━━━ Given data ━━━
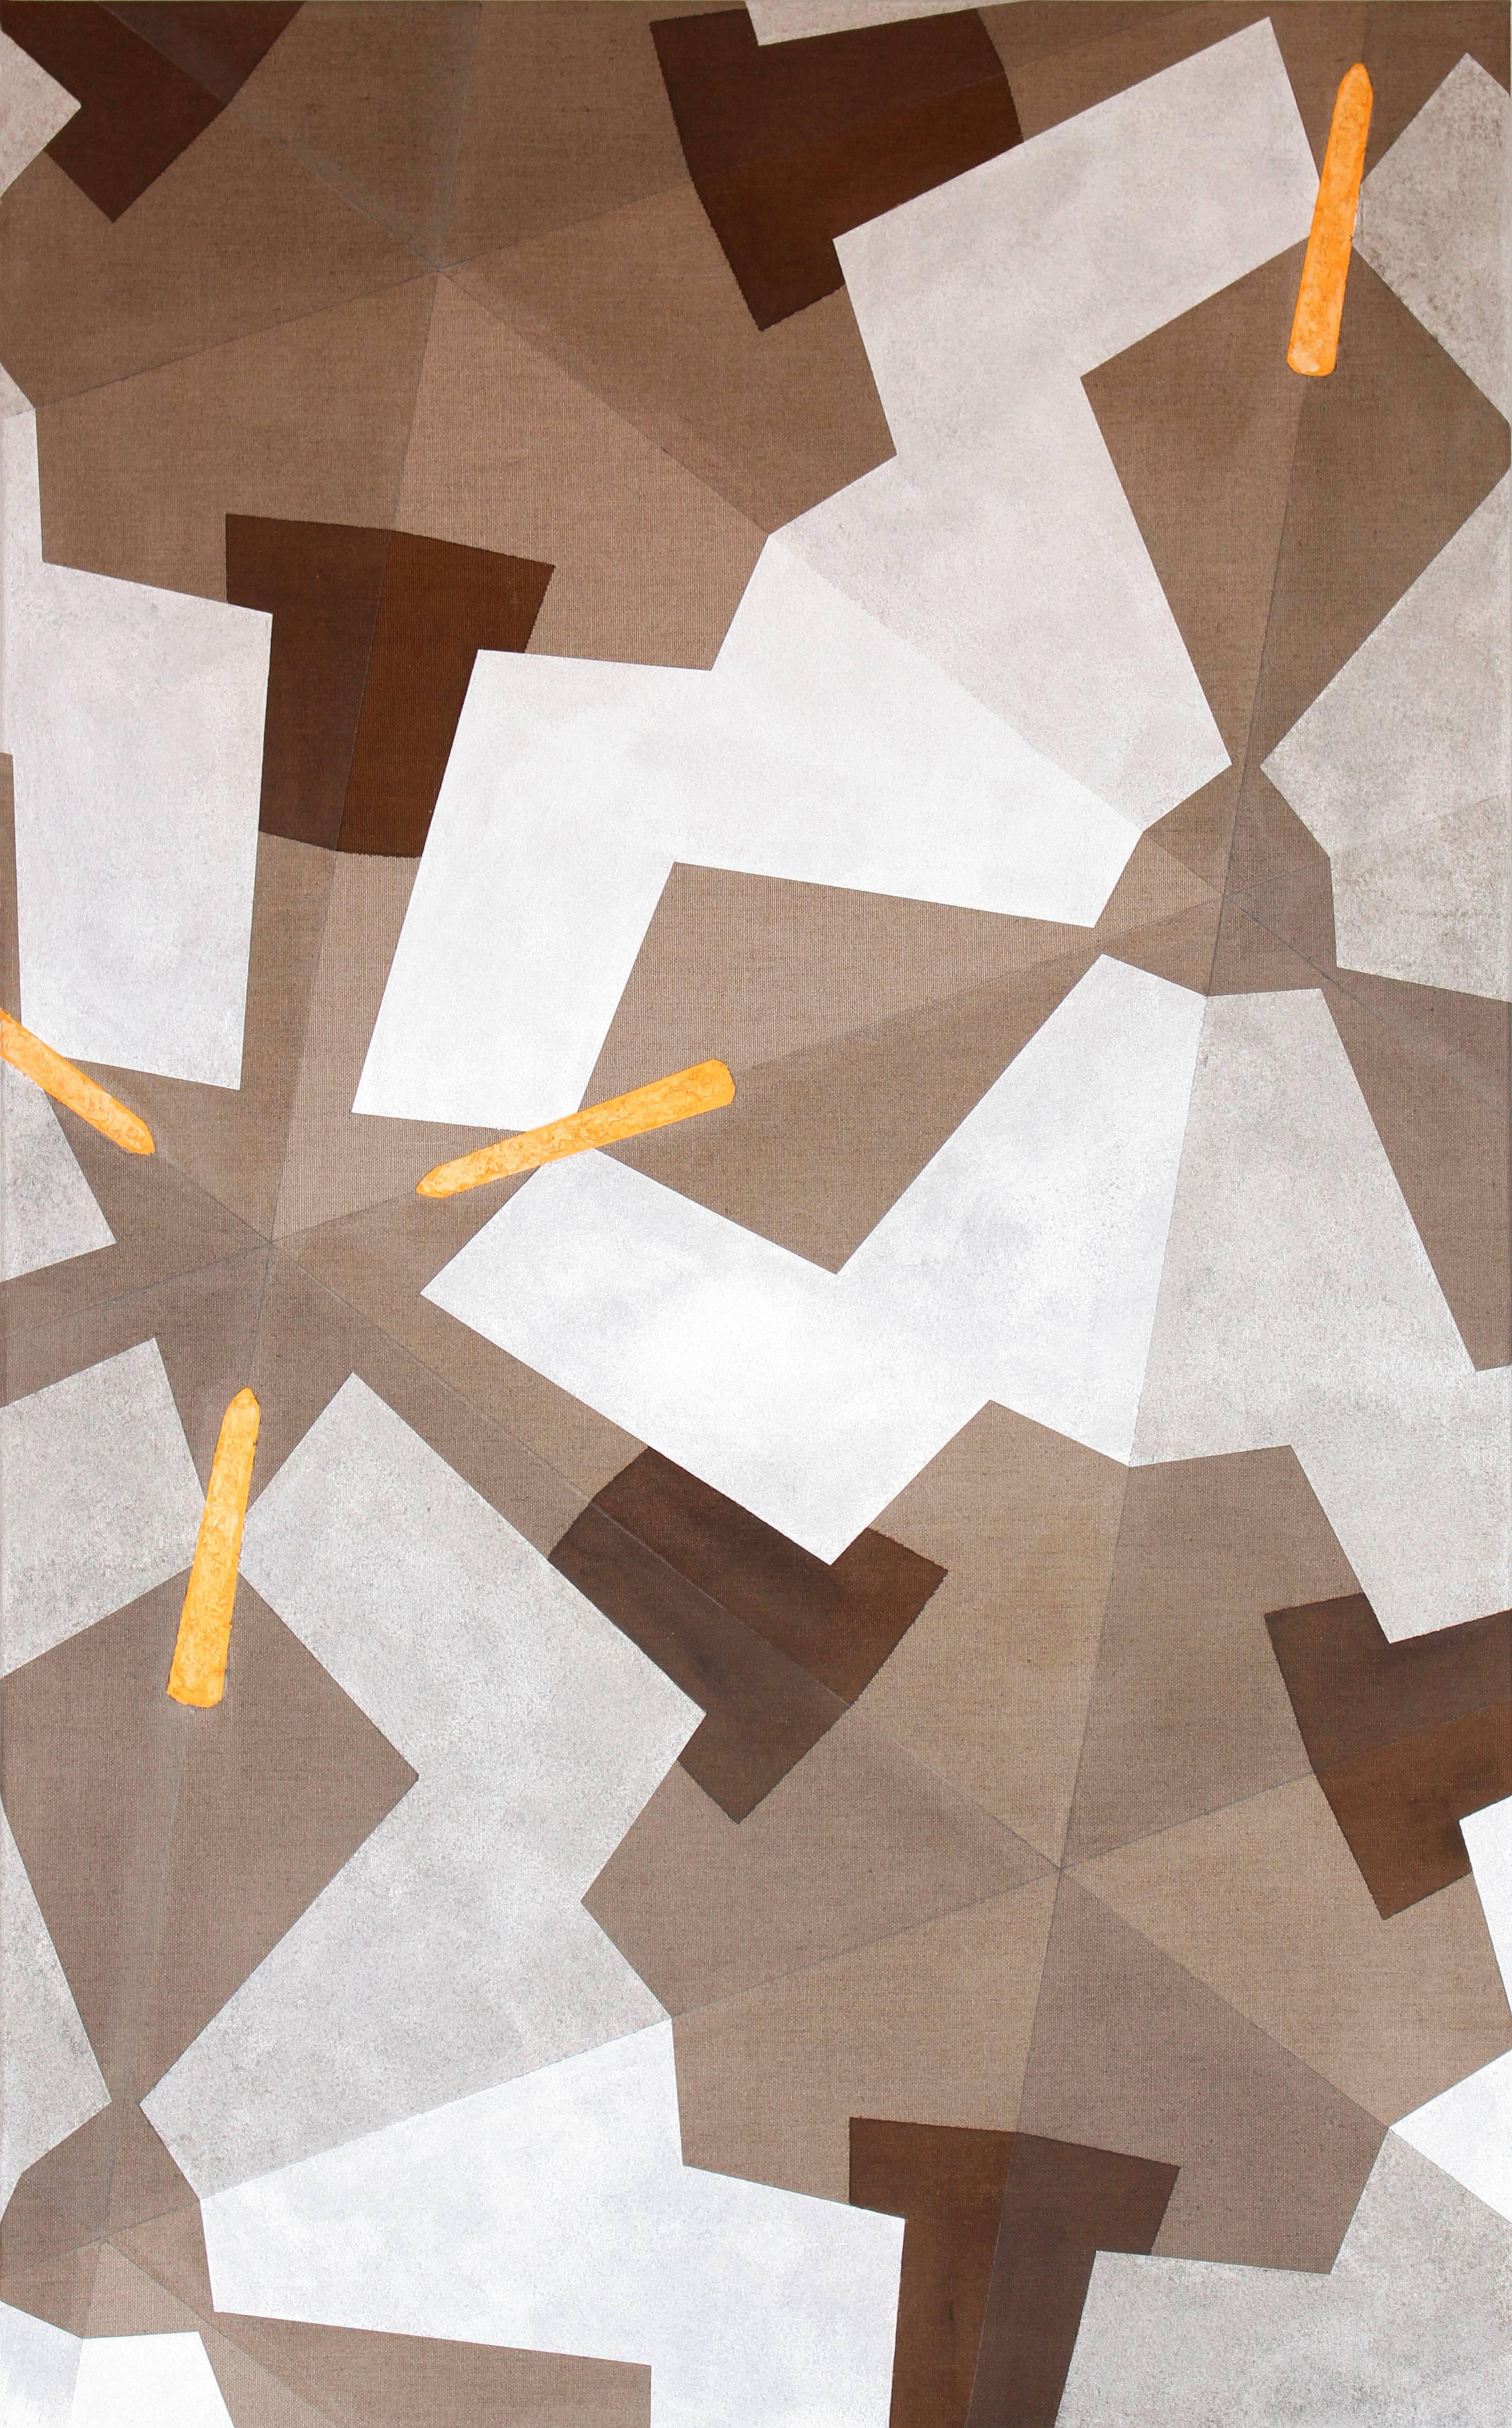 Acrylfarbe mit Sand und kleinen Holzteilen auf roher Leinwand, 2015. Hängefertig. Es kommt direkt aus dem Atelier des Künstlers.
Höhe 165 cm (64,96 Zoll), Breite 100 cm (39,37 Zoll).
Matrix In Creation gehört zu einer Reihe von mehr als 20 Gemälden,
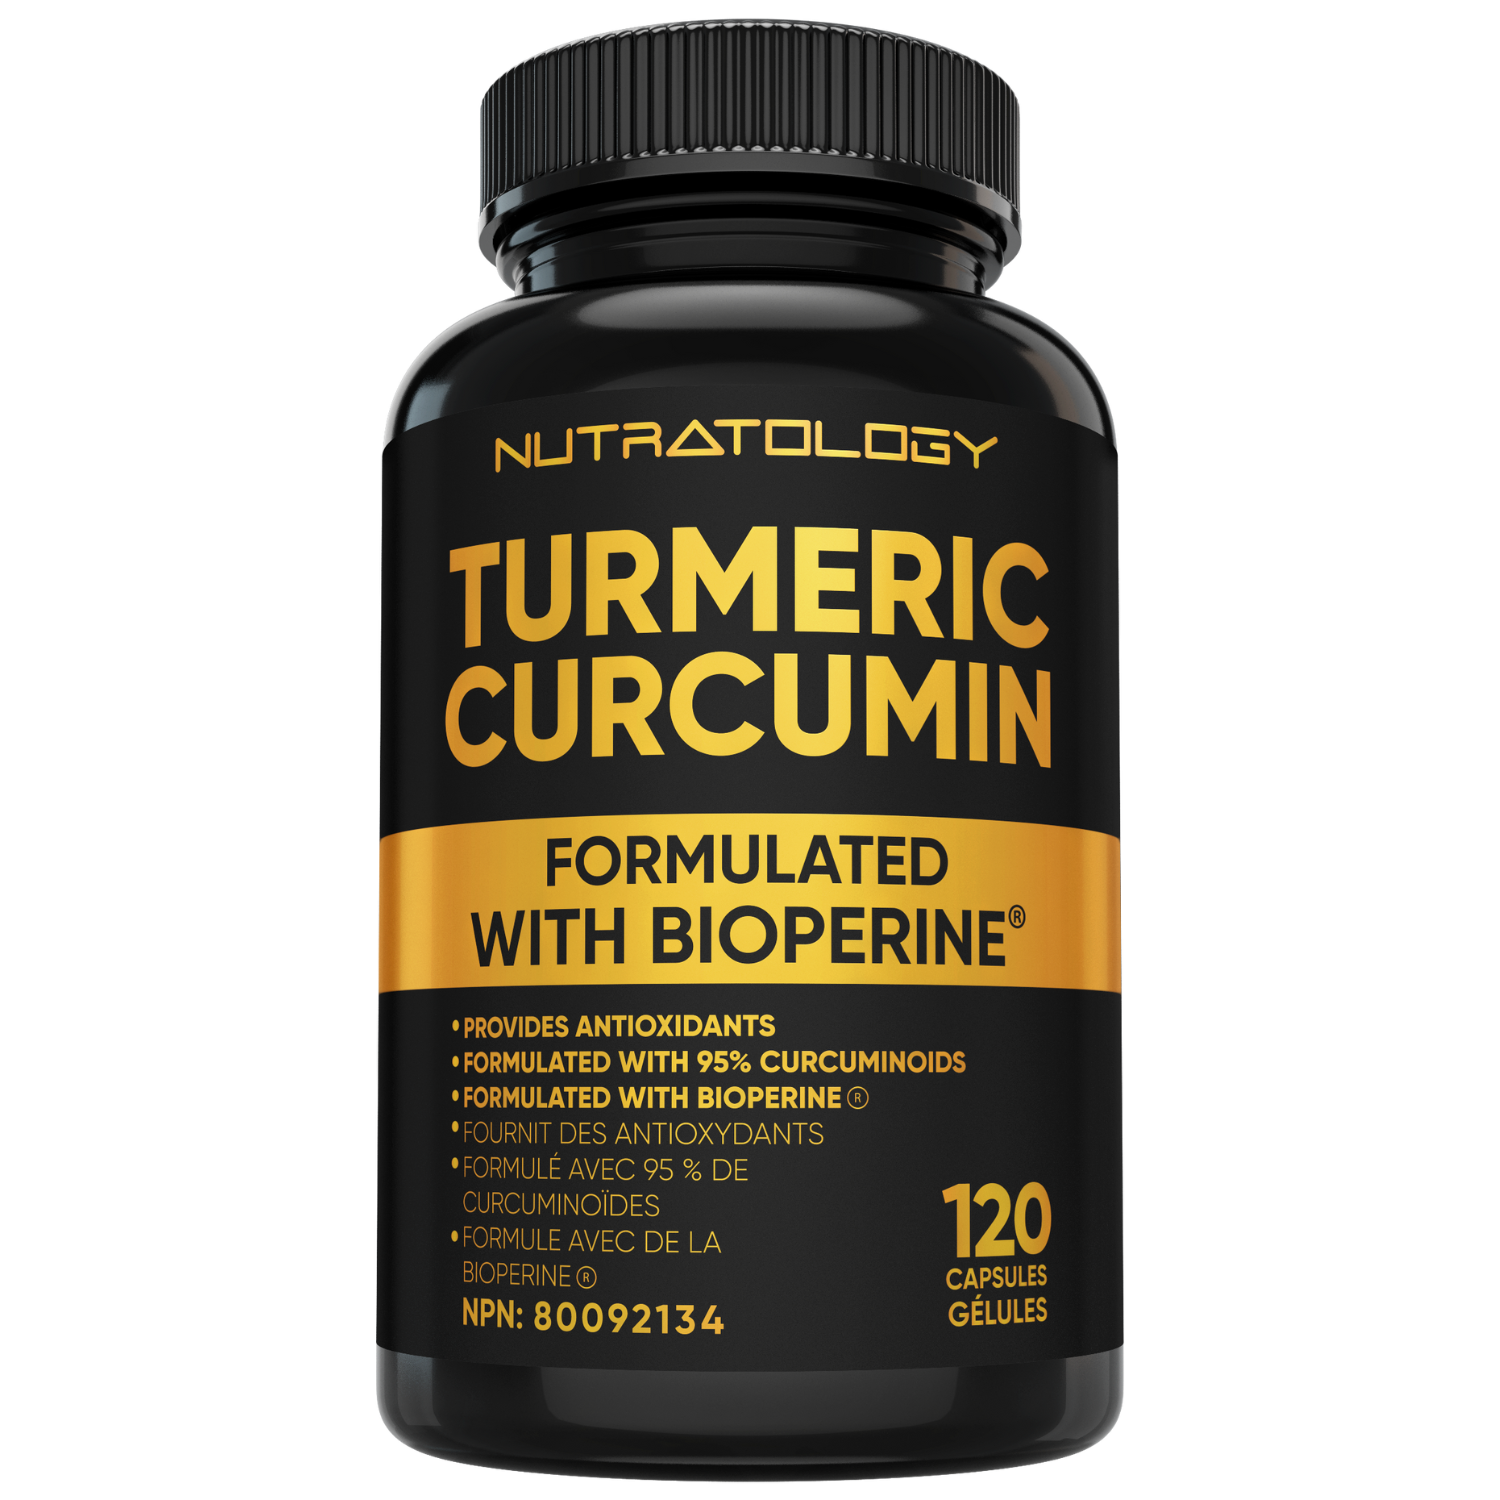 Nutratology Organic Turmeric Curcumin - 120 Capsules
━━━
◆ About this task ◆
Could you give the listing again exactly as it stands, minus any pictures?

◆ Solution to this problem ◆
 Acrylfarbe mit Sand und kleinen Holzteilen auf roher Leinwand, 2015. Hängefertig. Es kommt direkt aus dem Atelier des Künstlers.
Höhe 165 cm (64,96 Zoll), Breite 100 cm (39,37 Zoll).
Matrix In Creation gehört zu einer Reihe von mehr als 20 Gemälden,
 Nutratology Organic Turmeric Curcumin - 120 Capsules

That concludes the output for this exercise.